-- Available data follows --
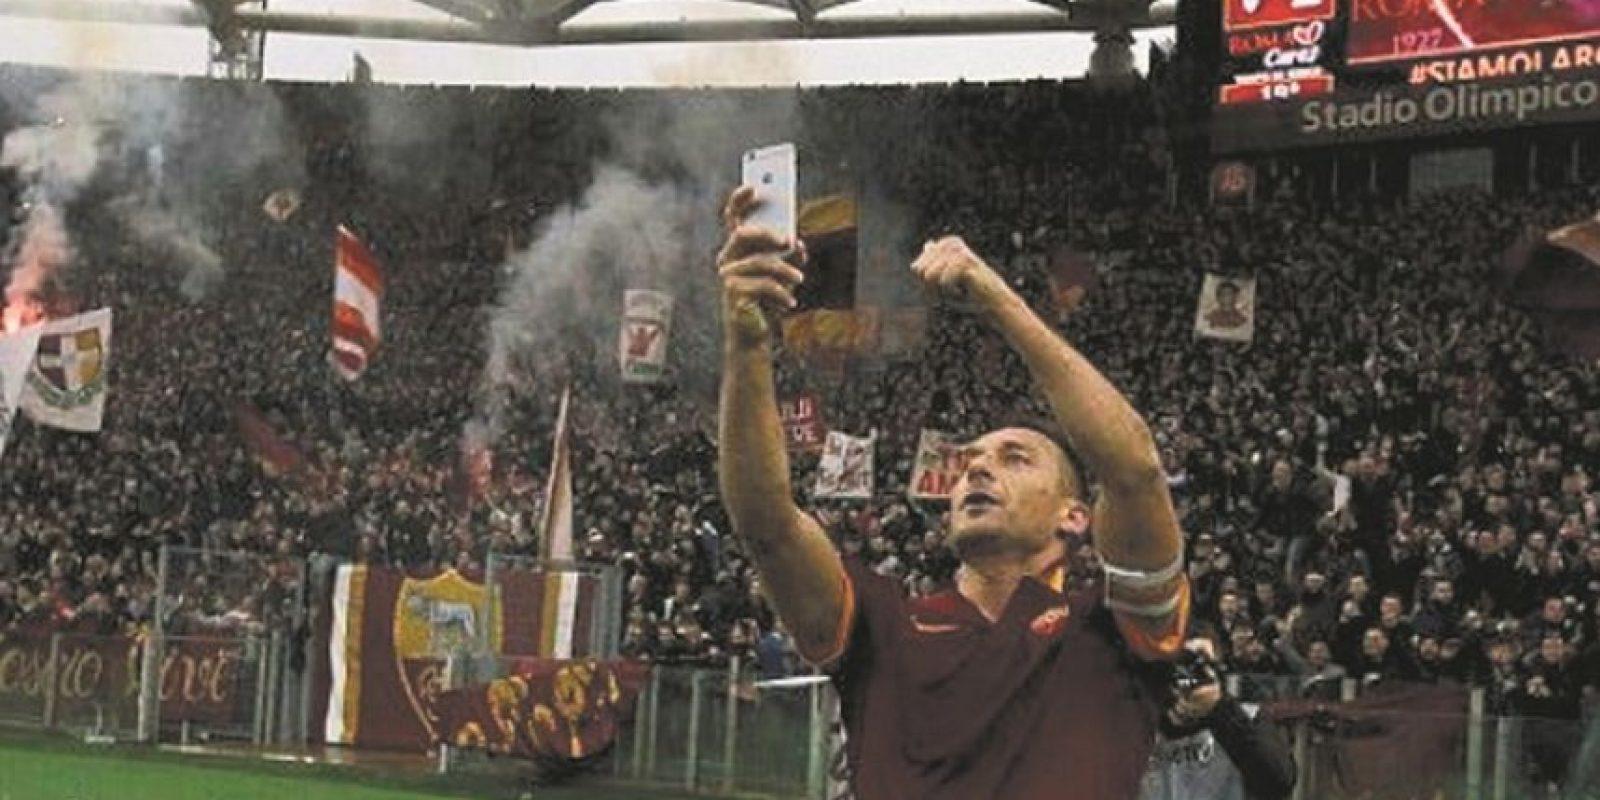 Totti con sus fanáticos. El 2015, Il Eterno Capitano anotó dos goles en el clásico ante Lazio y en el festejo del segundo tanto pidió prestado un dispositivo de telefonía móvil para retratar el momento junto a los tifosi de la Roma. Foto:Fuente externa
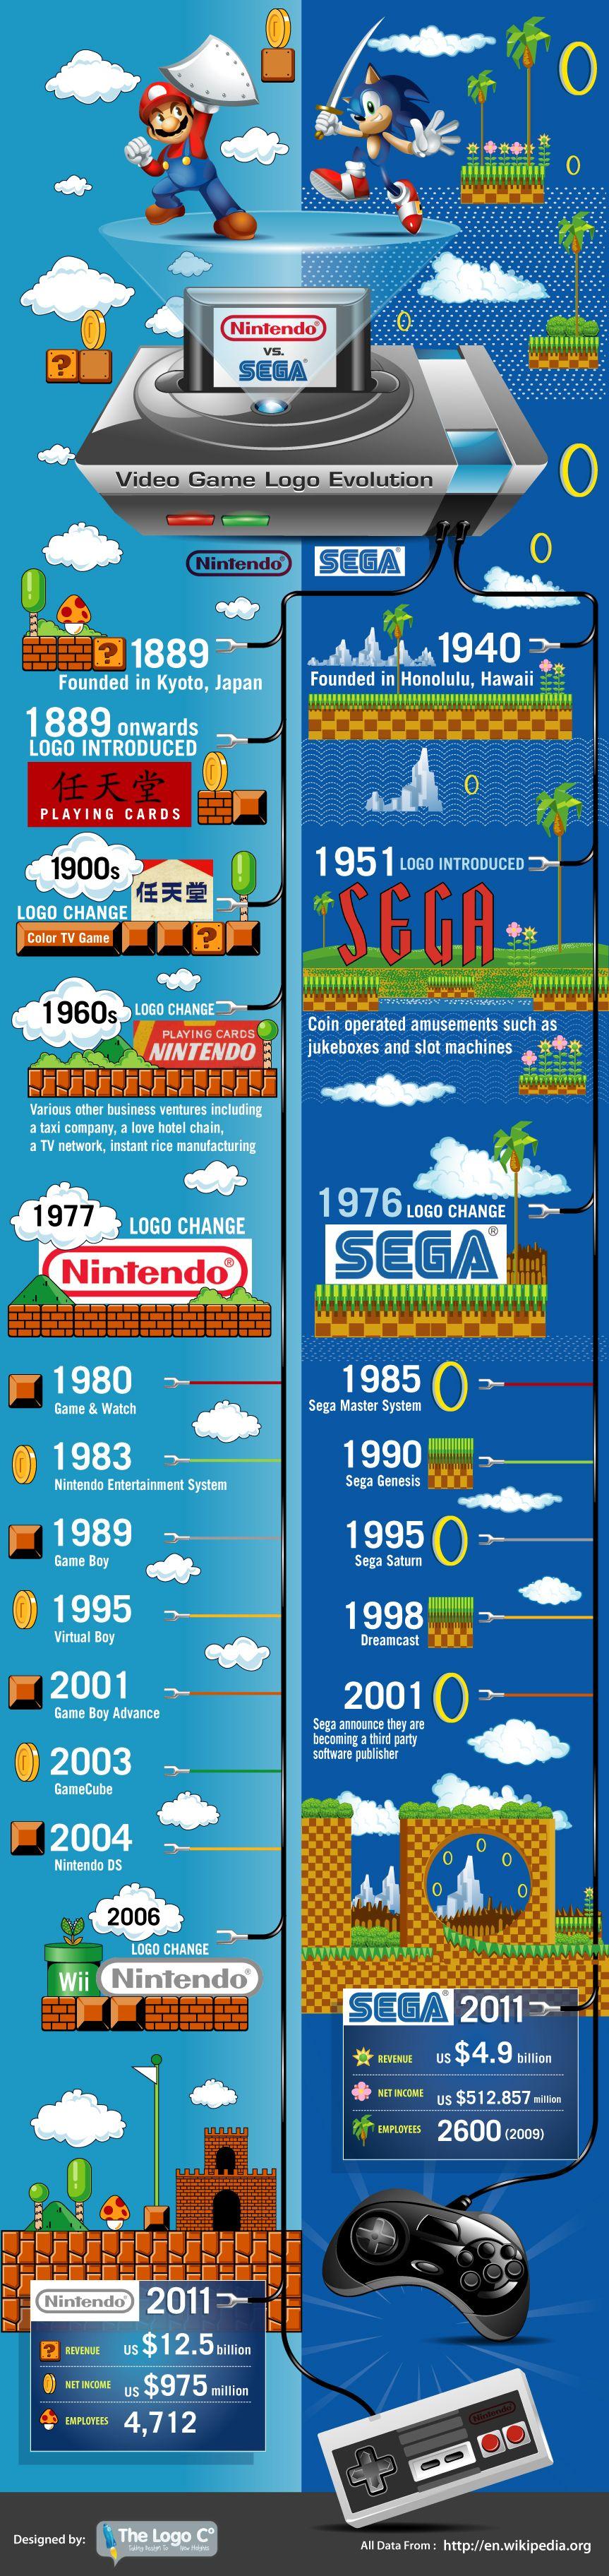 Nintendo-vs-Sega-Video-Game-Logo-Evolution
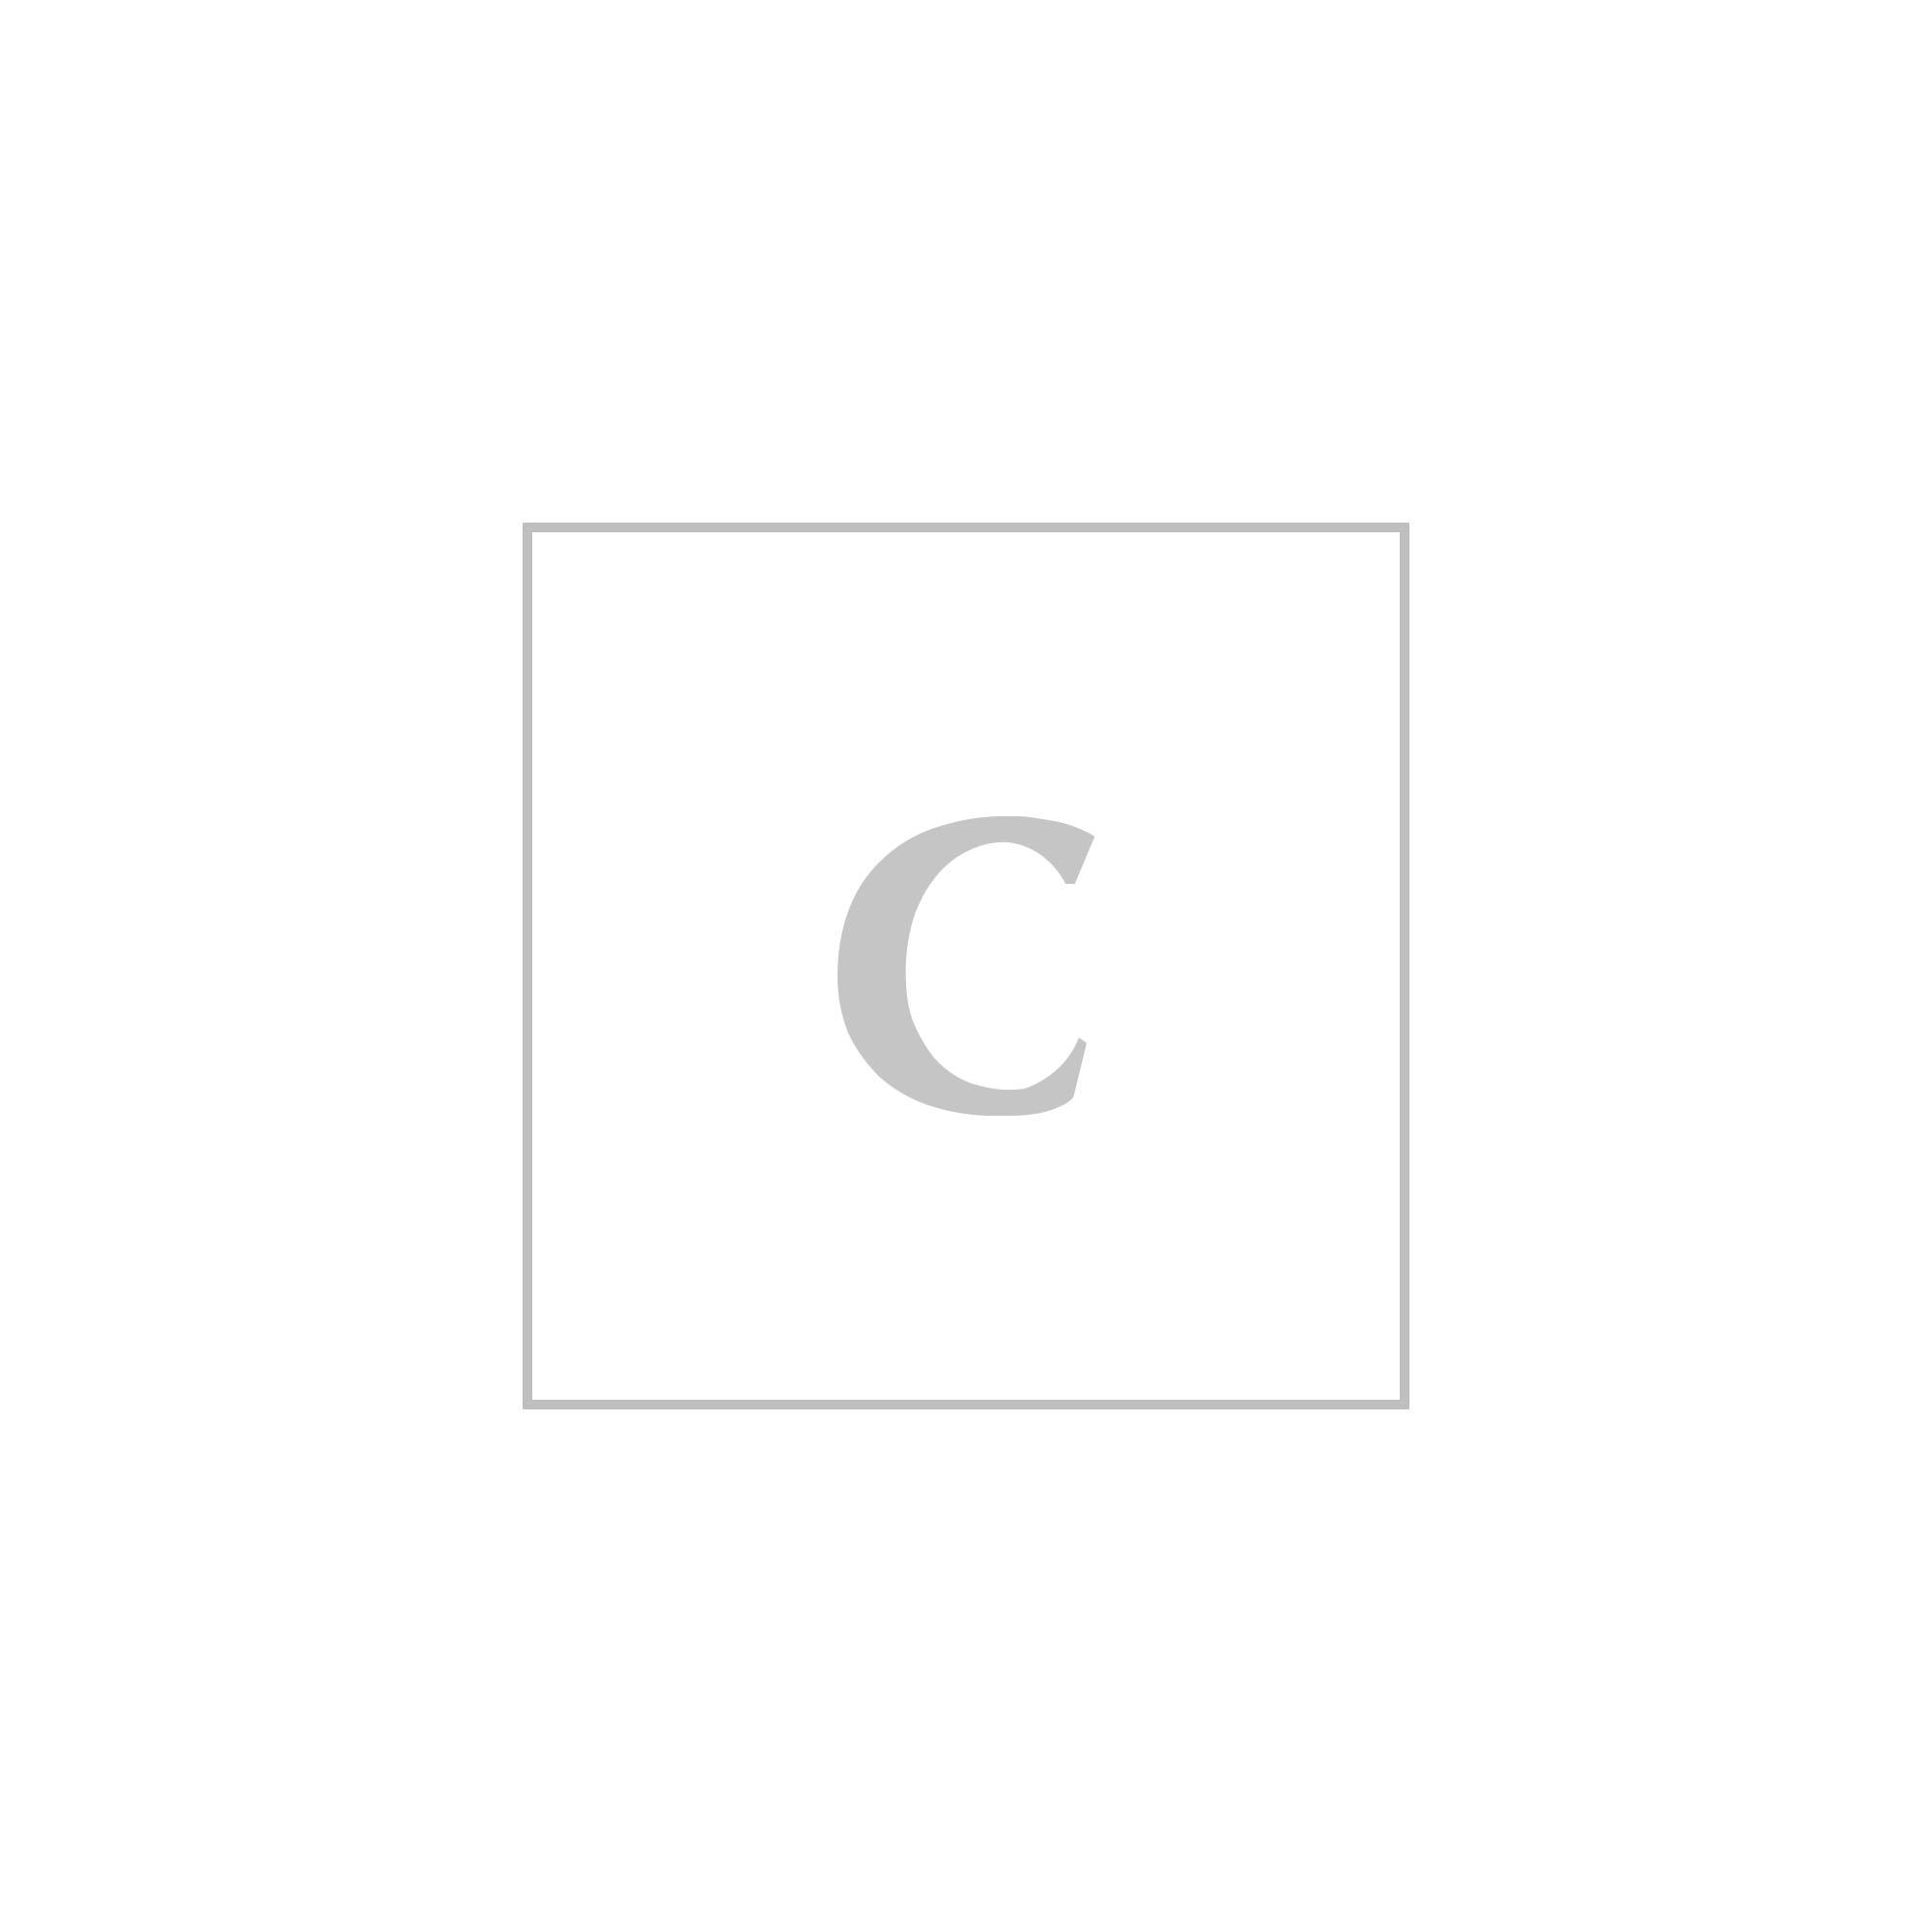 dolce & gabbana abbigliamento donna t-shirt stampa logo
-- Available data concluded --
» **Task details**: Take the line containing "Nintendo-vs-Sega-Video-Game-Logo-Evolution" and all lines after it to the end of the data above, and reproduce them exactly, leaving out pictures. Nothing else belongs in the copy.

» **Answer to this task**:
 Nintendo-vs-Sega-Video-Game-Logo-Evolution
 dolce & gabbana abbigliamento donna t-shirt stampa logo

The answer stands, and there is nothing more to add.